● **Problem to work on**
Using the material below, repeat exactly the lines from the one with "Centerboard 2016 chardonnay" through the one with "For tidlig Thorns", ends included, without any images.

● **Provided information**
------------------------

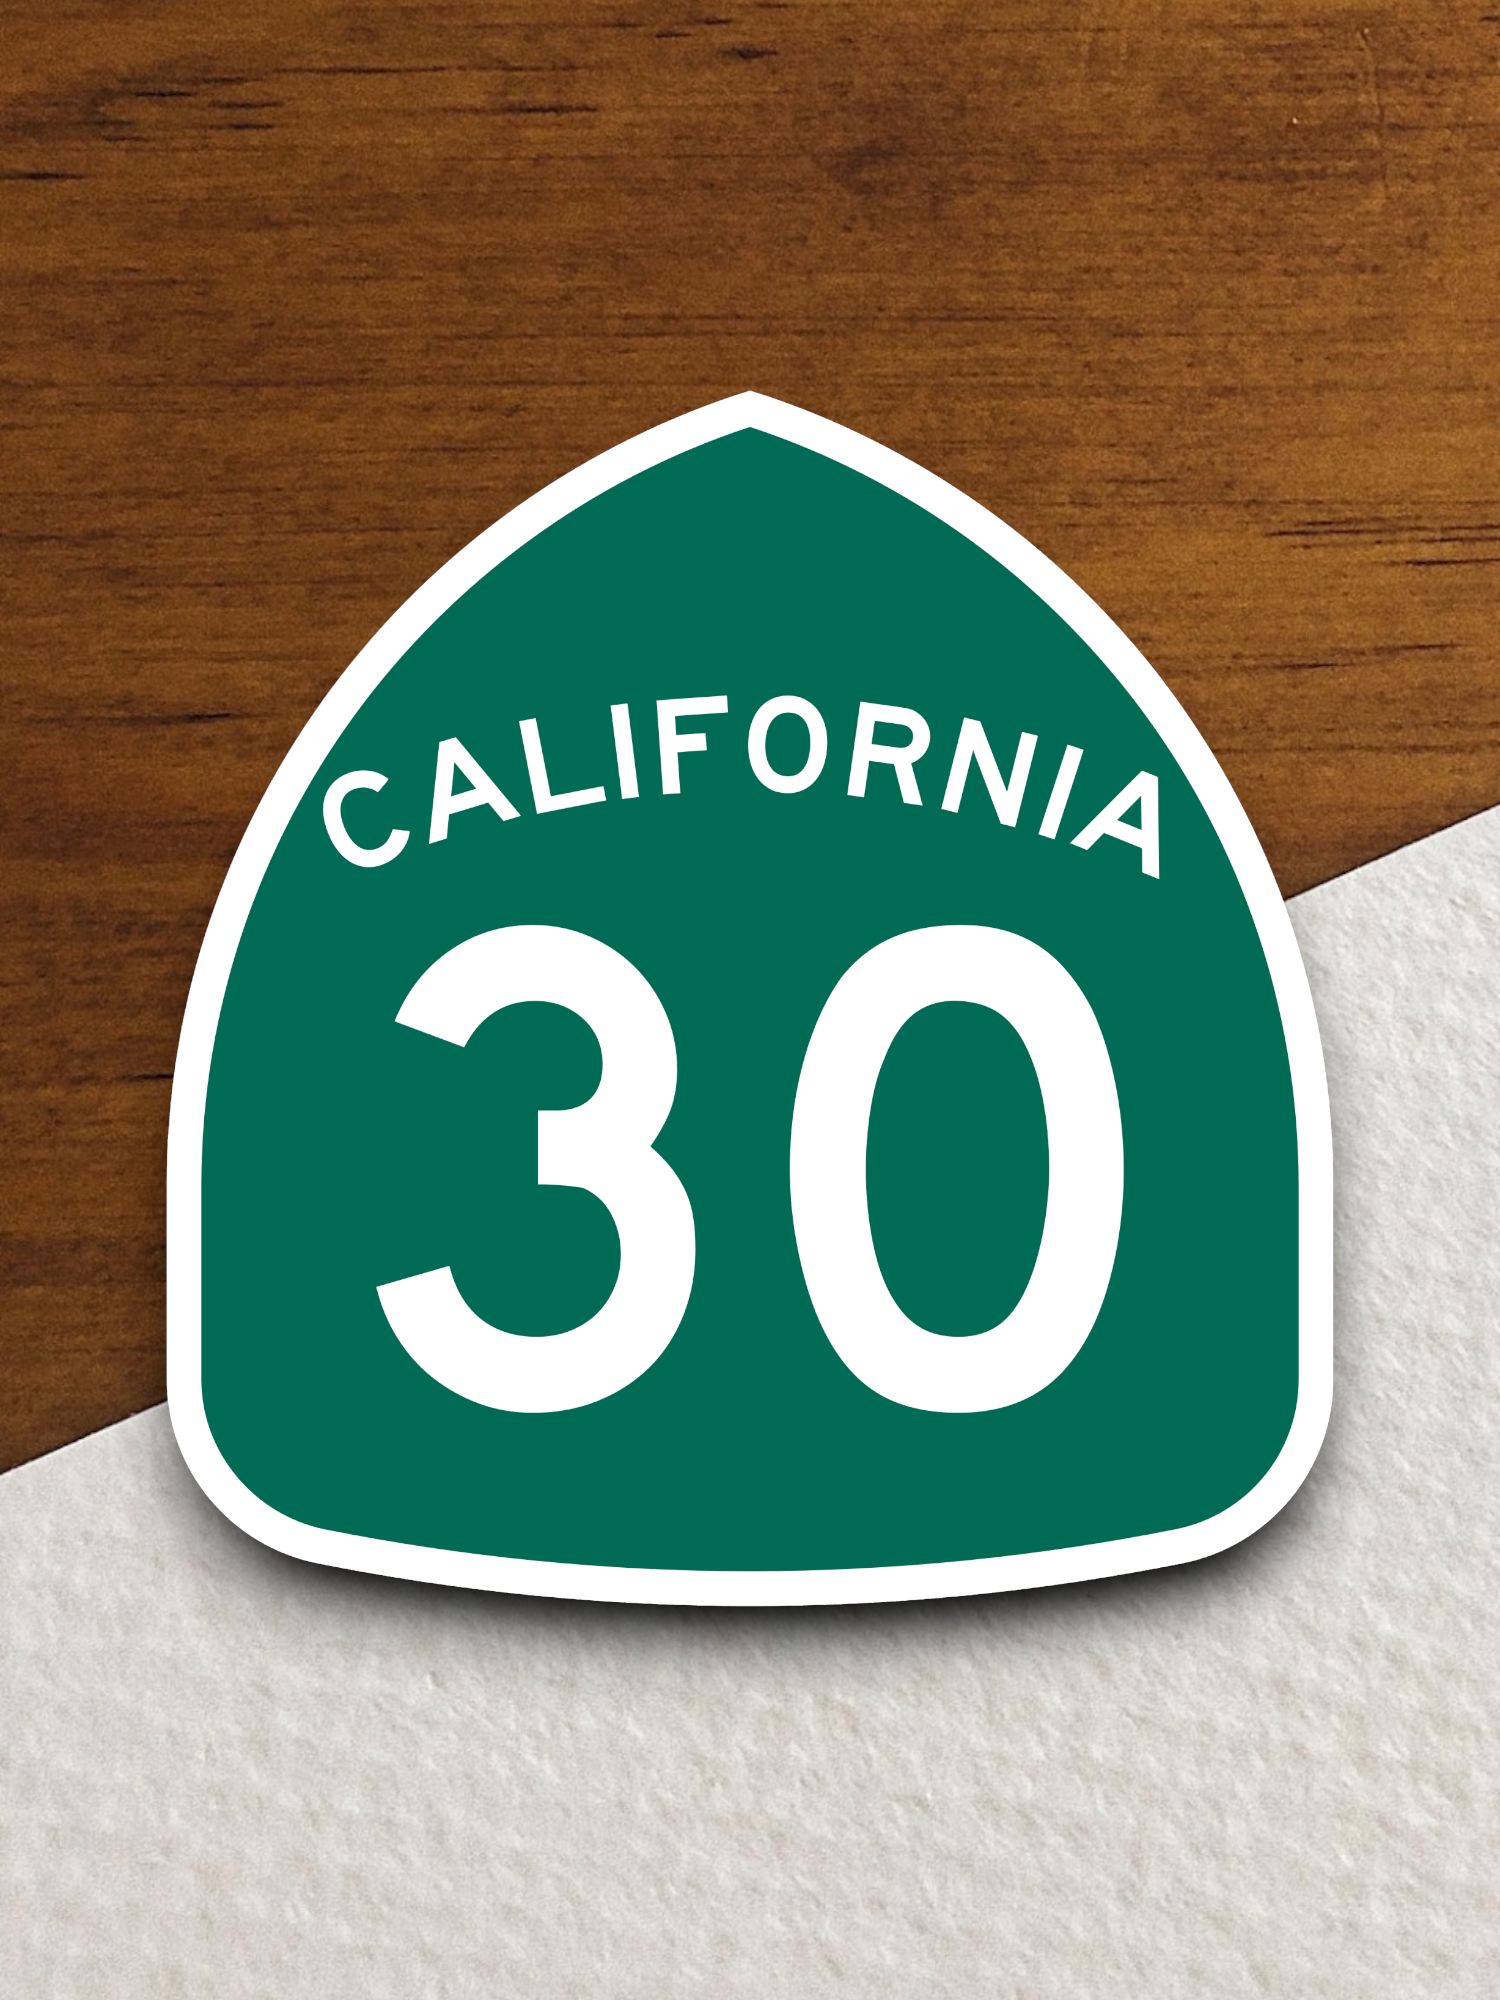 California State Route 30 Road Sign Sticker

------------------------

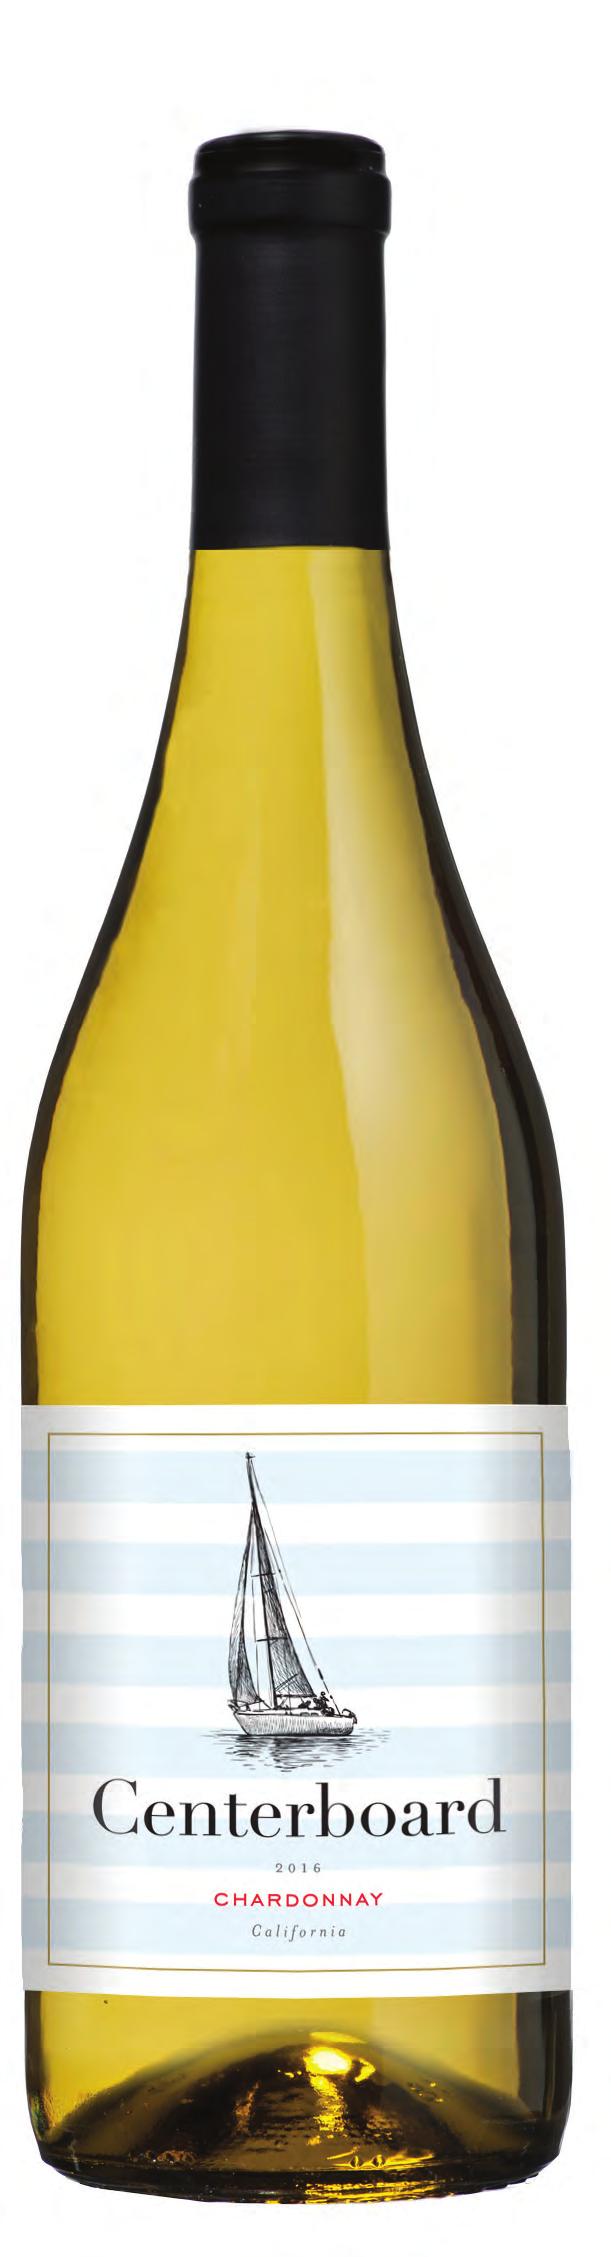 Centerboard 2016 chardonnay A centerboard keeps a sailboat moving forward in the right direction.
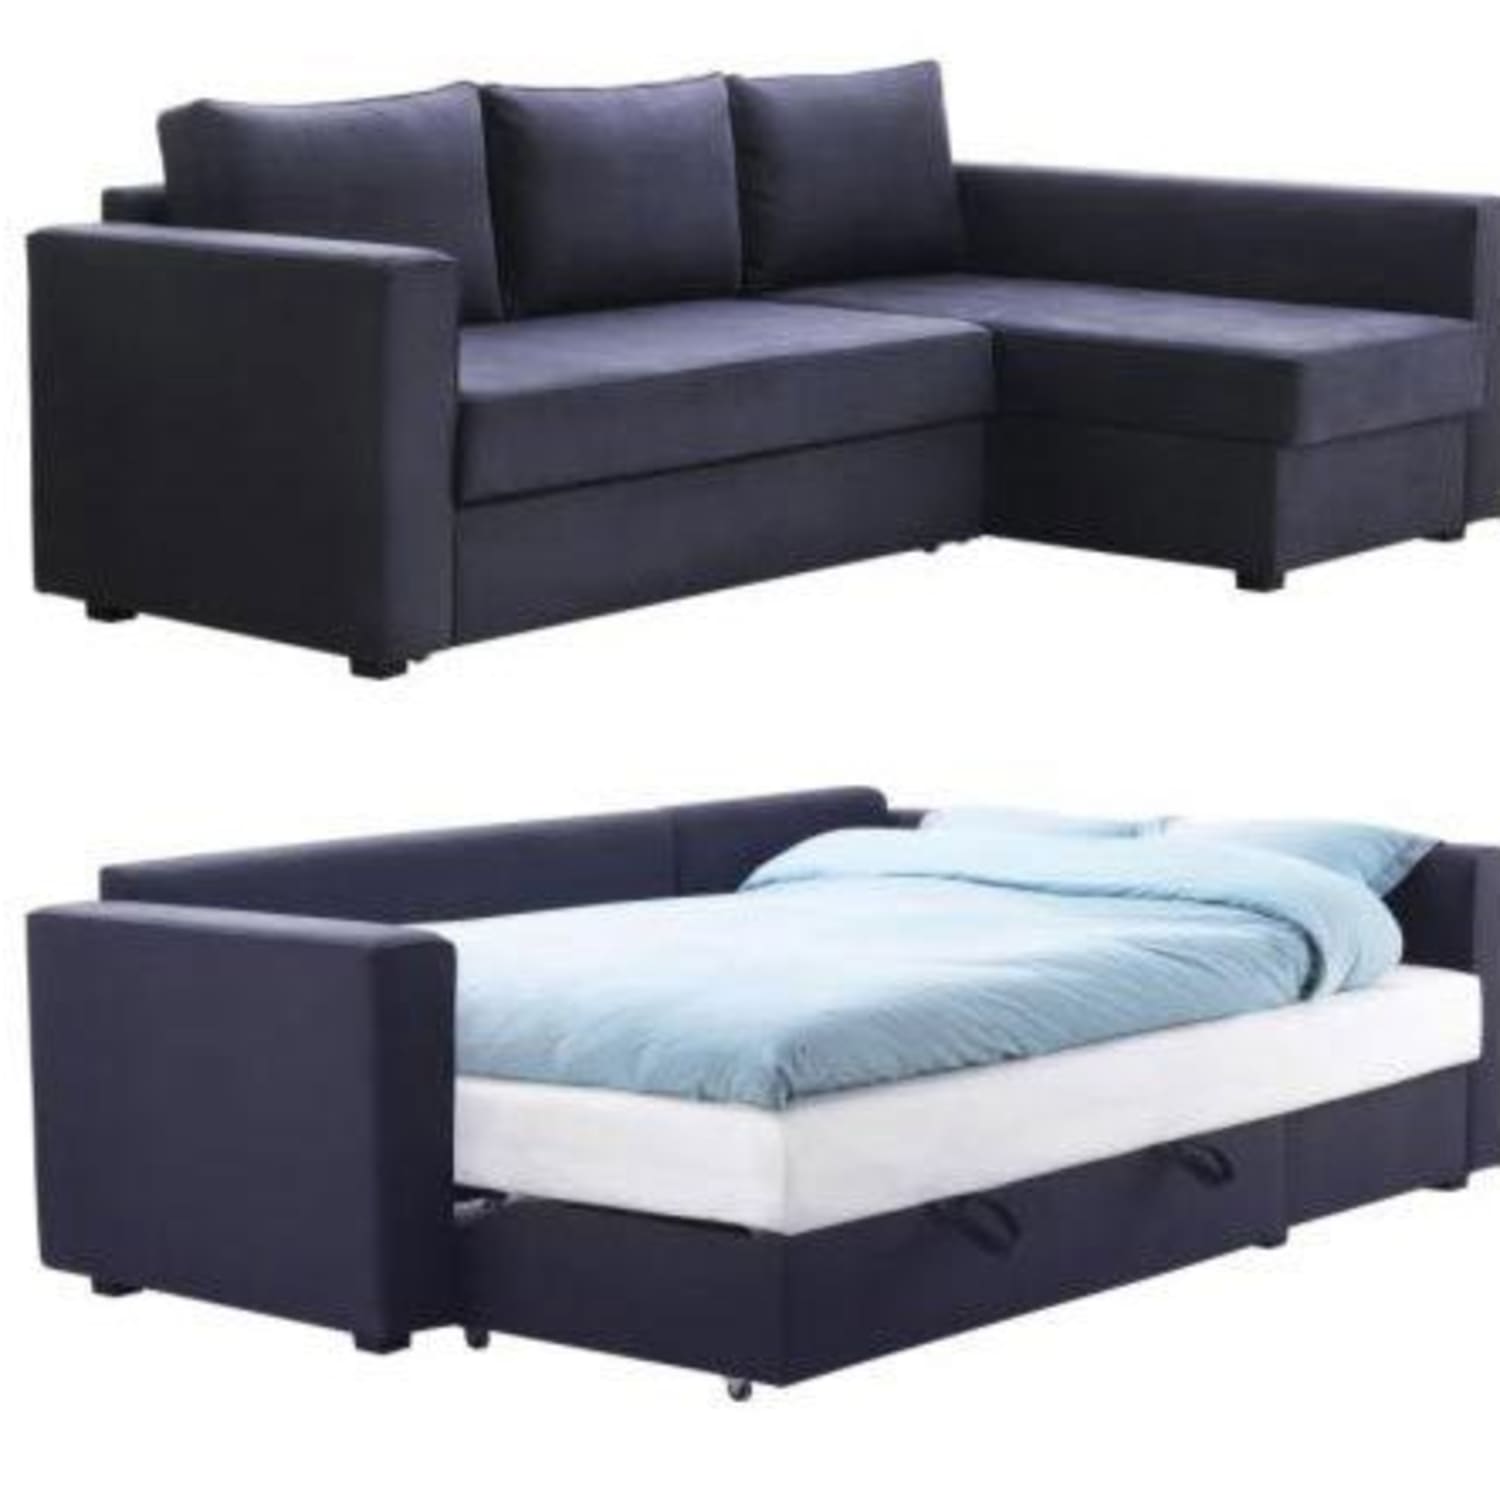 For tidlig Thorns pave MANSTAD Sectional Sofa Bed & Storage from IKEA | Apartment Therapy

------------------------

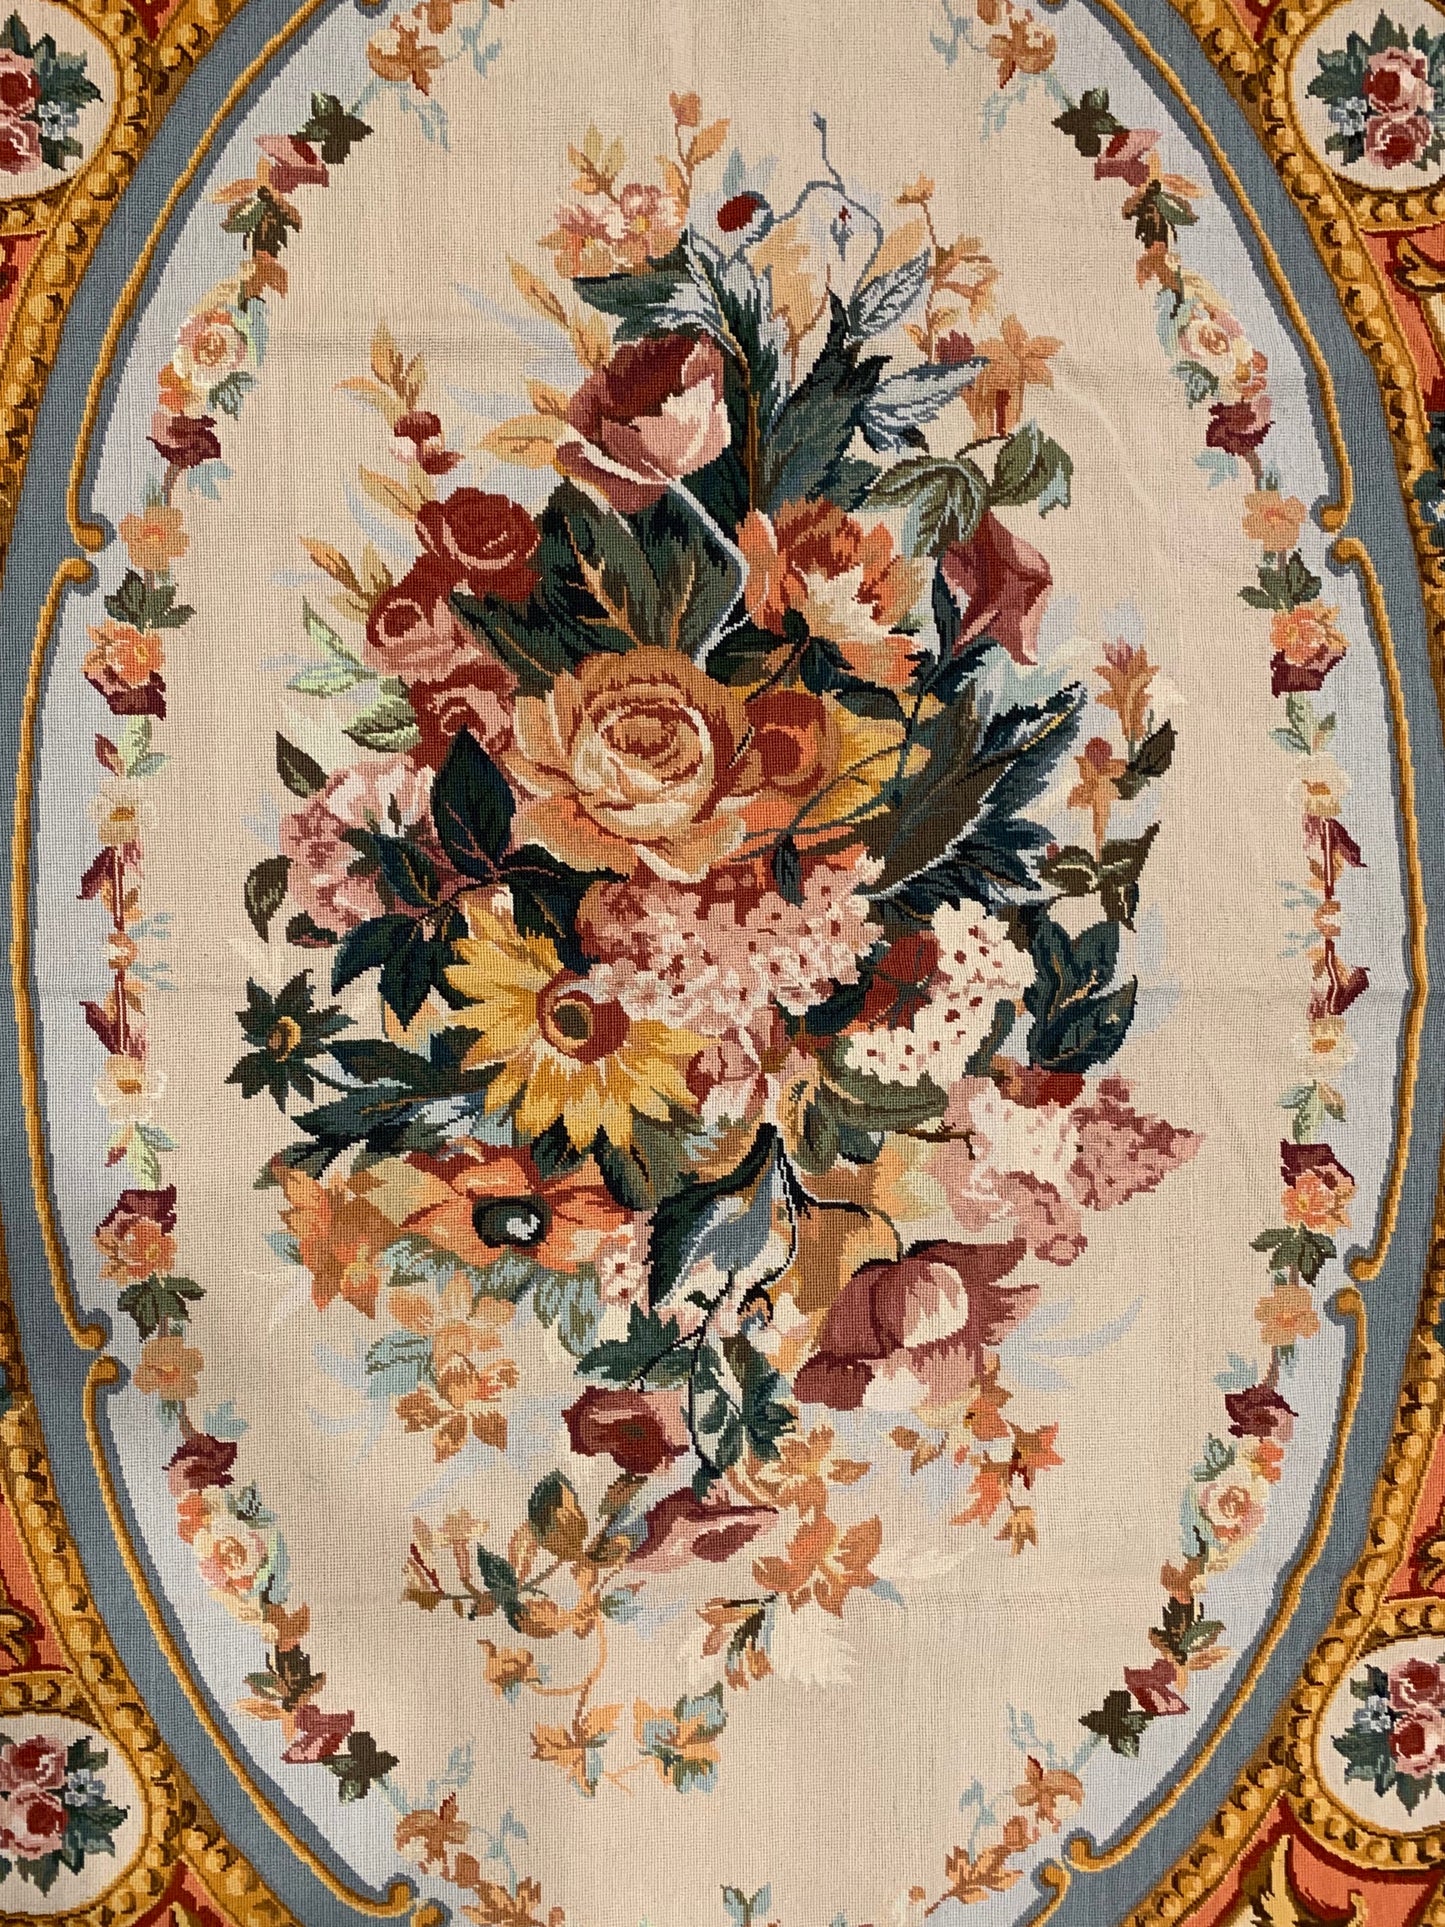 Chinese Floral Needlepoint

------------------------

● **Result**
 Centerboard 2016 chardonnay A centerboard keeps a sailboat moving forward in the right direction.
 For tidlig Thorns pave MANSTAD Sectional Sofa Bed & Storage from IKEA | Apartment Therapy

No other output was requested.